Tagore is not a threat to China, why should PUBG be a risk to India, asks Beijing?


Beijing on Thursday cited Nobel laureate Rabindranath Tagore and the popularity of yoga in China to criticize India which bans 118 Chinese apps and subtly warned New Delhi not to join the US ‘clean web’ program, Washington’s initiative. for an Internet without security threats.

The Chinese Foreign Ministry said that, unlike the reason behind India’s decision to ban all 118 apps, the popularity of Tagore’s poems or the wide approval of yoga among Chinese citizens does not mean that China sees them as “infiltration” or “threat”.

India on Wednesday banned 118 mobile apps, mostly Chinese, including Tencent Holdings Ltd’s popular PUBG video game, citing concerns about data security.

These “applications surreptitiously collect and share data and compromise users’ personal data and information that may pose a serious threat to state security,” India’s Ministry of Electronics and Information Technology said in a statement. .

The latest round of banning – India first banned 59 Chinese apps on June 29 – comes in the context of a further escalation in the current border friction between the two Himalayan neighbors in eastern Ladakh.

While the Ministry of Foreign Affairs invoked Tagore and his poetry, the Ministry of Commerce of China was less poetic. He said he strongly opposes India banning Chinese apps.

“The Indian actions violate the legal interests of Chinese investors and service providers and China calls on India to correct its errors,” Commerce Ministry spokesman Gao Feng said in a briefing.

Gao said India has abused national security by imposing “discriminatory restrictions” on Chinese companies,

He said that China has always asked its companies to comply with international and local rules and regulations in their overseas operations.

“We hope that the Indian side will work with the Chinese side to maintain the hard-won bilateral development and cooperation in order to build an open and fair trading environment for international investors and service providers, including companies. Chinese companies, “Gao was quoted as saying.

China’s Foreign Ministry, meanwhile, said that neither country should harm long-term interests due to myopia.

“The Indian side decided to ban some excellent and popular Chinese apps. The rights and interests of Indian users are harmed in the first place. And the rights and interests of Chinese companies will also suffer. So what India has done benefits no one, ”said spokesman Hua Chunying.

“As I said, both are ancient civilizations with splendid cultures that we are proud of, and the exchange between the two parties has been going on for thousands of years.”

Taking the example of Tagore, Hua said that many of his poems are popular in China, and then he quoted a line from one of his poems: “We misread the world and say that it deceives us.”

Also, yoga is becoming more and more popular in China; Including myself, I am very fond of Indian culture. But we don’t believe that Indian culture or poems or other things are infiltrating here or pose a threat to Chinese culture, ”Hua said.

“What we believe is that the mixture of different cultures leads to promote mutual understanding and friendship of people.”

Hua also let out a subtle warning about the ties between India and the United States.

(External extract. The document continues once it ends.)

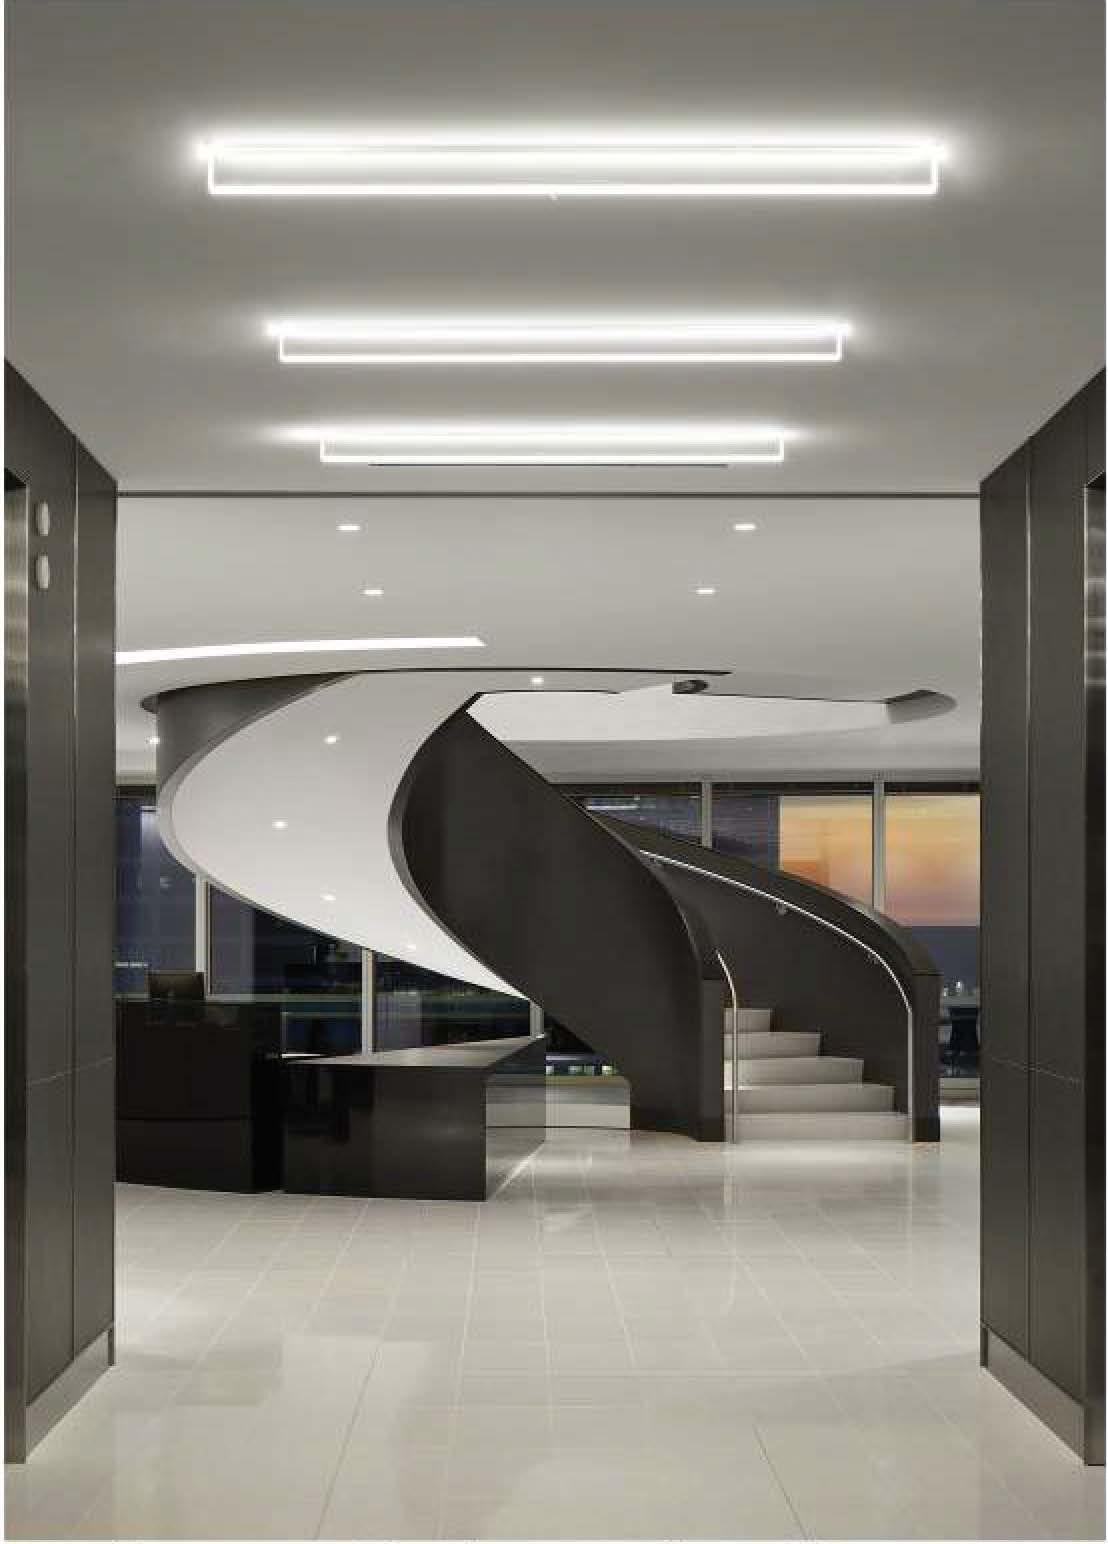 Thompson & Knight Office, Houston, Texas (3)

“I have noticed that the US state department said on the same day that India banned more than 100 Chinese applications and asked other countries to join India in implementing the clean network initiative,” he said.

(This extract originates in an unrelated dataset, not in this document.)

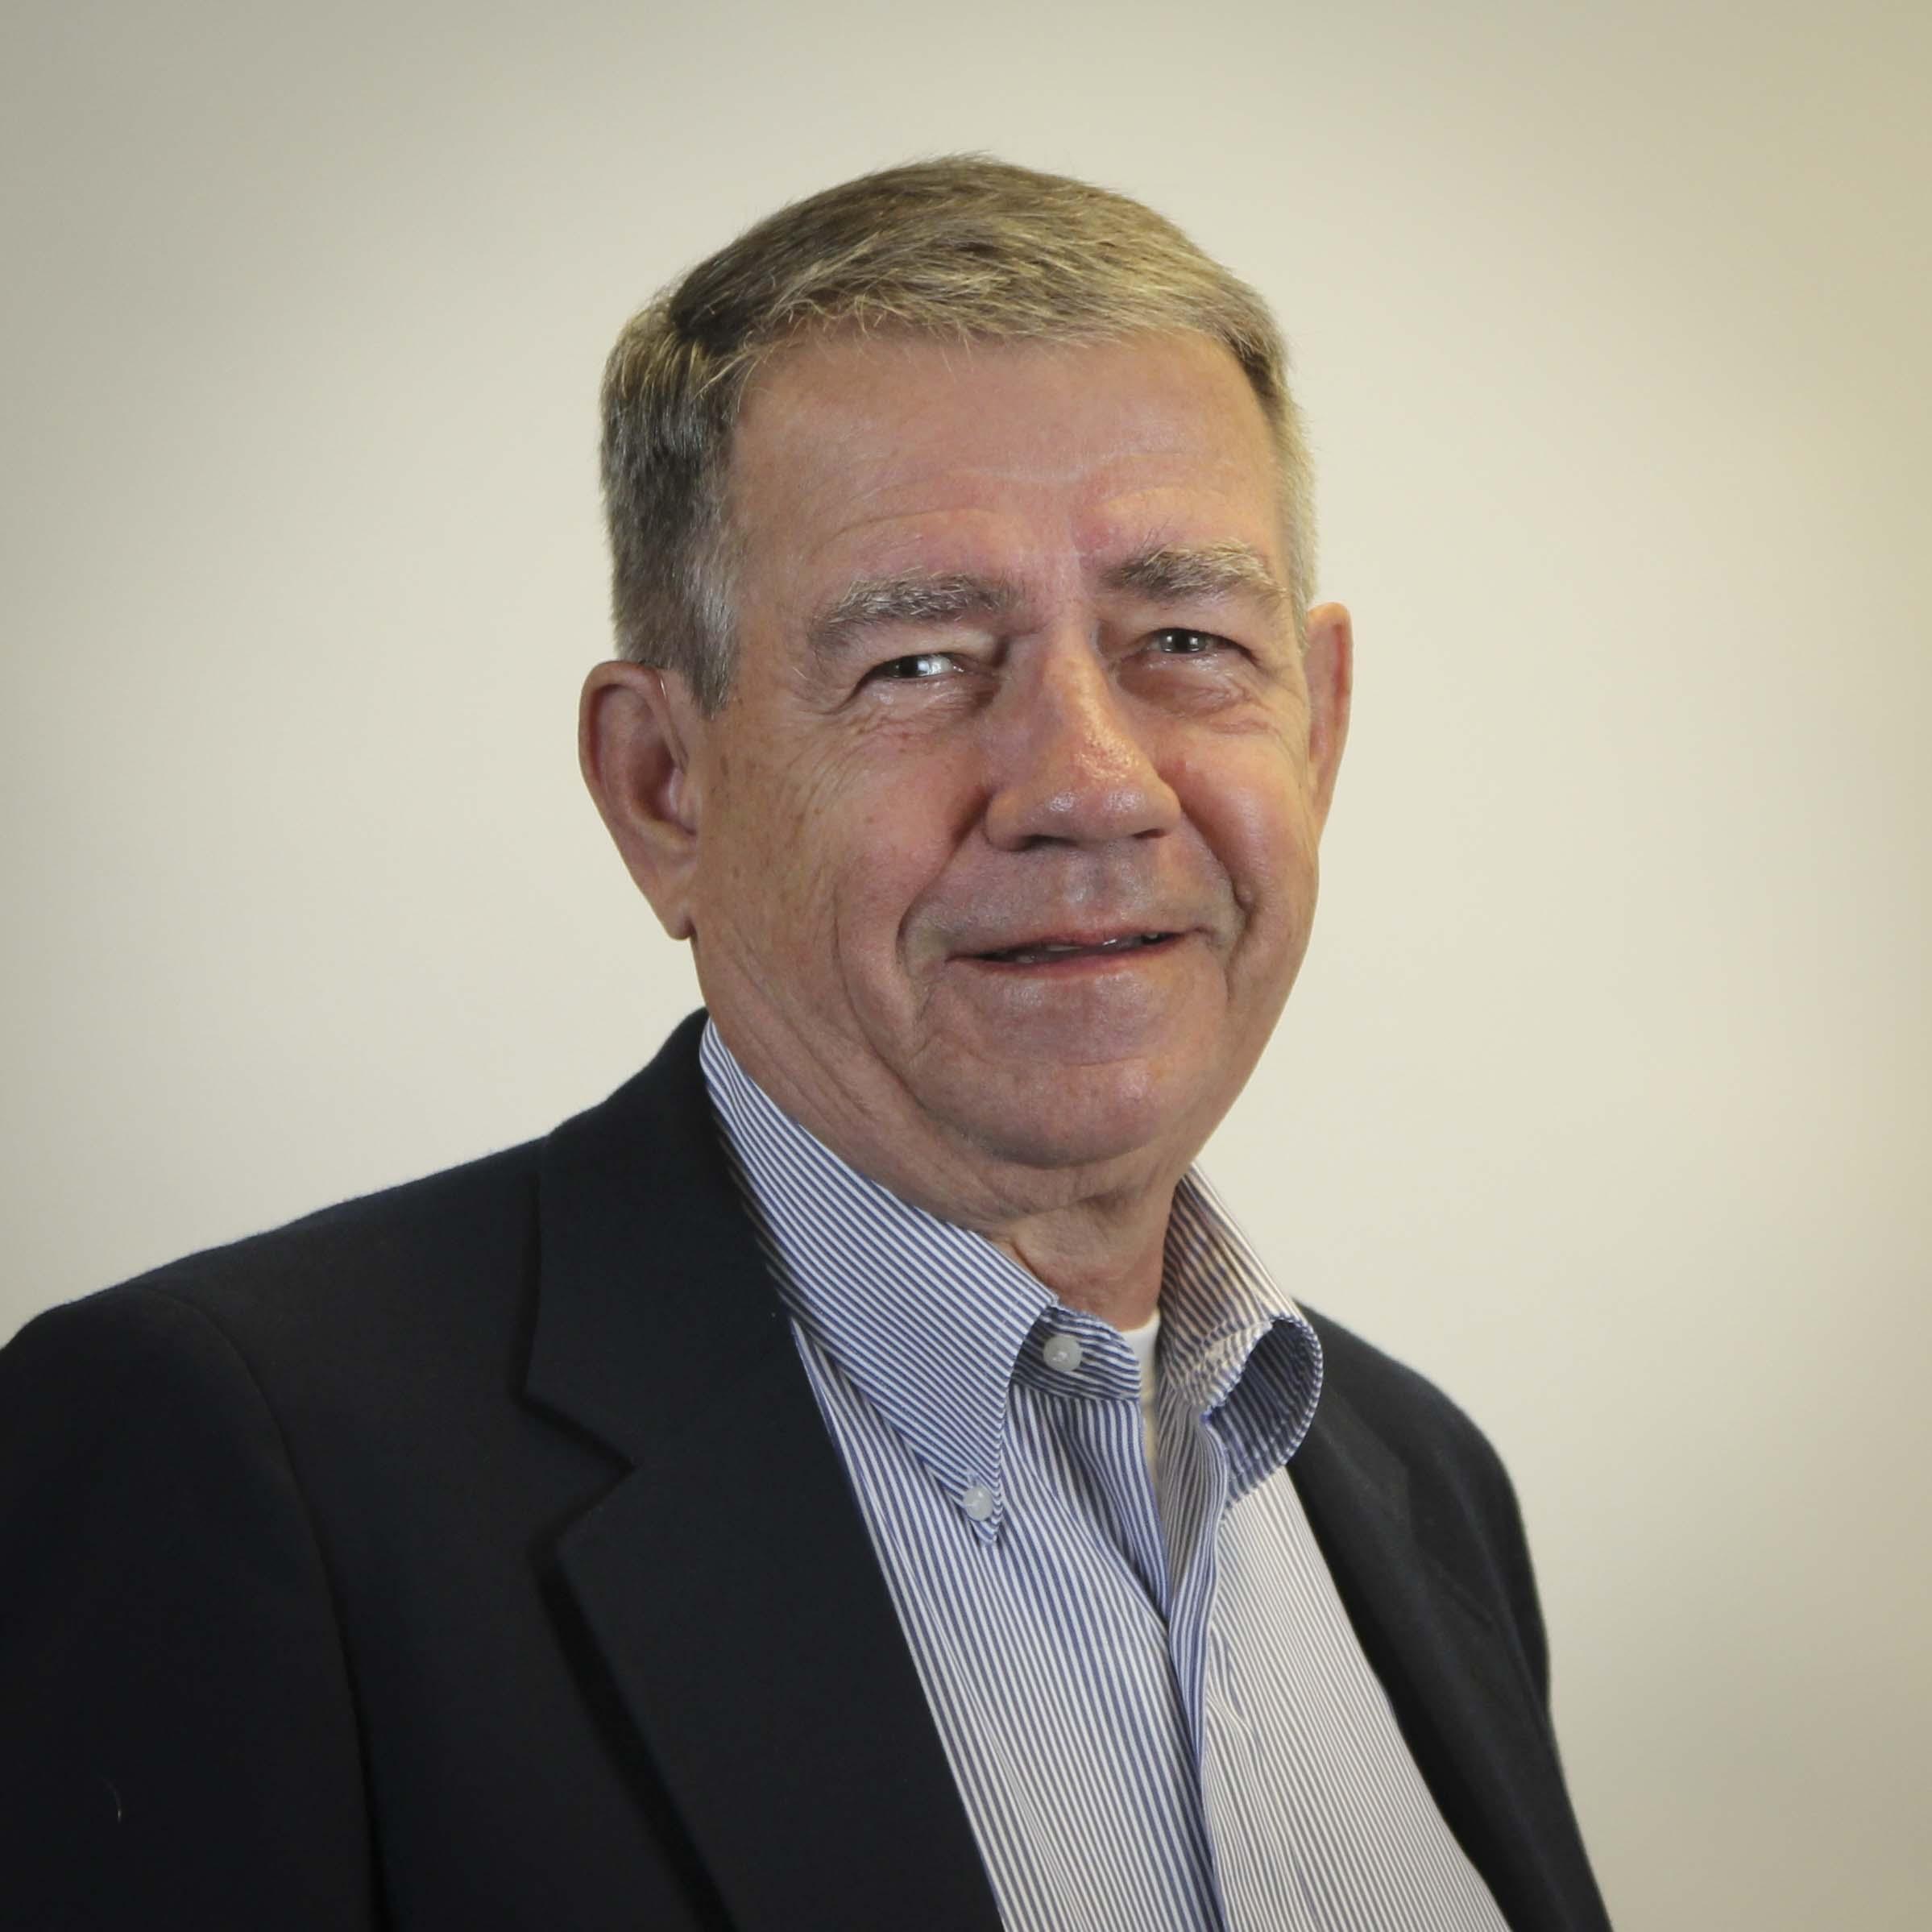 Richard Jozwiakowski

“So I don’t know if there is any correlation or interaction between India and the United States. But India is an ancient civilization with wise people. They should know what the United States has done on cyber security, for example, Dirtbox, Prism, Irritant Horn, Muscular, and Submarine Cabling. Indians must have the wisdom to know whether American practice on cybersecurity is clean or dirty. “

“We hope that India can remain committed to its valuable independence decision-making.”

Experts in China were expected to criticize New Delhi’s decision to ban the apps.

Zhao Gancheng, director of the Center for Asia-Pacific Studies at the Shanghai Institute of International Studies, said that while the app ban is likely to have limited impact on the Indian economy, the “… bad intentions behind the decision of the Indian government to generate tension and even a conflict with China is reaching an increasingly dangerous level ”.

“This is dangerous. The worse the Indian economy becomes, the more likely New Delhi will cause a military conflict. This is a very worrying situation,” Zhao told state media.